The findings of this study have important clinical implications. NAFLD has traditionally been viewed as a hepatic manifestation of systemic metabolic dysfunction, but its association with IBD underscores the need for a more comprehensive approach to patient care [3]. Gastroenterologists and hepatologists should work collaboratively to develop screening strategies for early detection of IBD in patients with NAFLD, particularly those with additional risk factors such as diabetes, dyslipidemia, and obesity. Such multidisciplinary care models can facilitate timely diagnosis and intervention, potentially improving outcomes for patients at the intersection of these 2 chronic inflammatory conditions. Furthermore, the coexistence of multiple metabolic and inflammatory risk factors highlights the necessity of proactive monitoring and intervention strategies.

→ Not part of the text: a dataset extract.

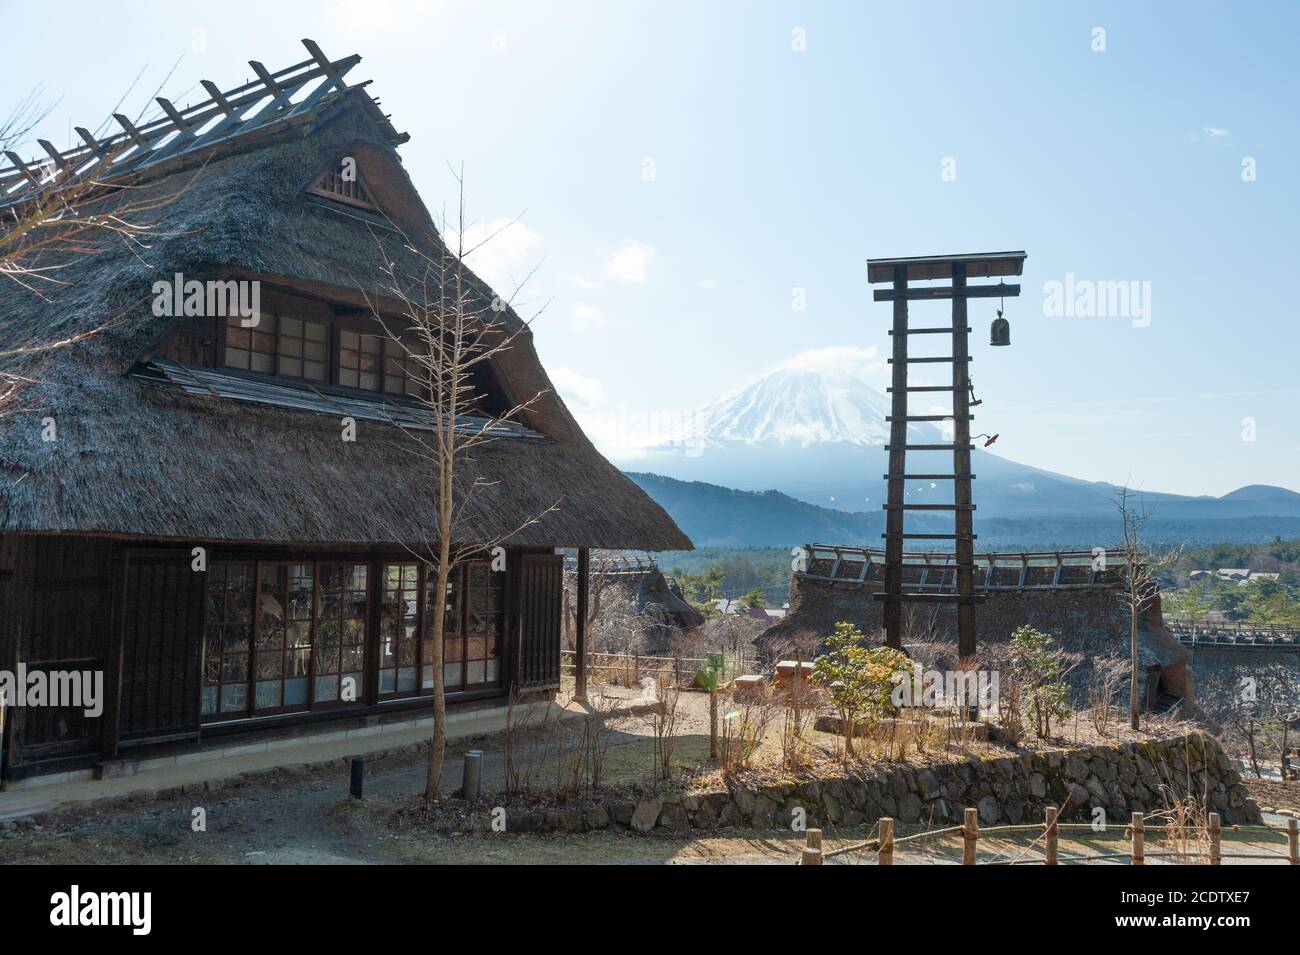 Reetdachhaus mit Glocke daneben im alten japanischen Dorf Saiko Iyashino-Sato Nenba (Heildorf). Stockfoto

From a research perspective, understanding the biological mechanisms linking NAFLD and IBD is critical. Both conditions are characterized by systemic inflammation, altered immune responses, and disruptions in the gut-liver axis [4]. Investigating the interplay between gut microbiota, hepatic lipid metabolism, and pro-inflammatory cytokine pathways could provide novel insights into their shared pathogenesis [4]. For instance, dysbiosis in the gut microbiome and the role of microbial metabolites warrant further exploration to uncover potential therapeutic targets.

In conclusion, the study provides compelling evidence for an association between NAFLD and an increased risk of IBD, underscoring the importance of recognizing NAFLD as a systemic condition with implications beyond the liver. The robust methodology and large sample size strengthen the findings, while the limitations highlight the need for further research. Looking ahead, a multidisciplinary approach that integrates metabolic and inflammatory disease management is essential to optimize care for individuals with these interconnected chronic diseases.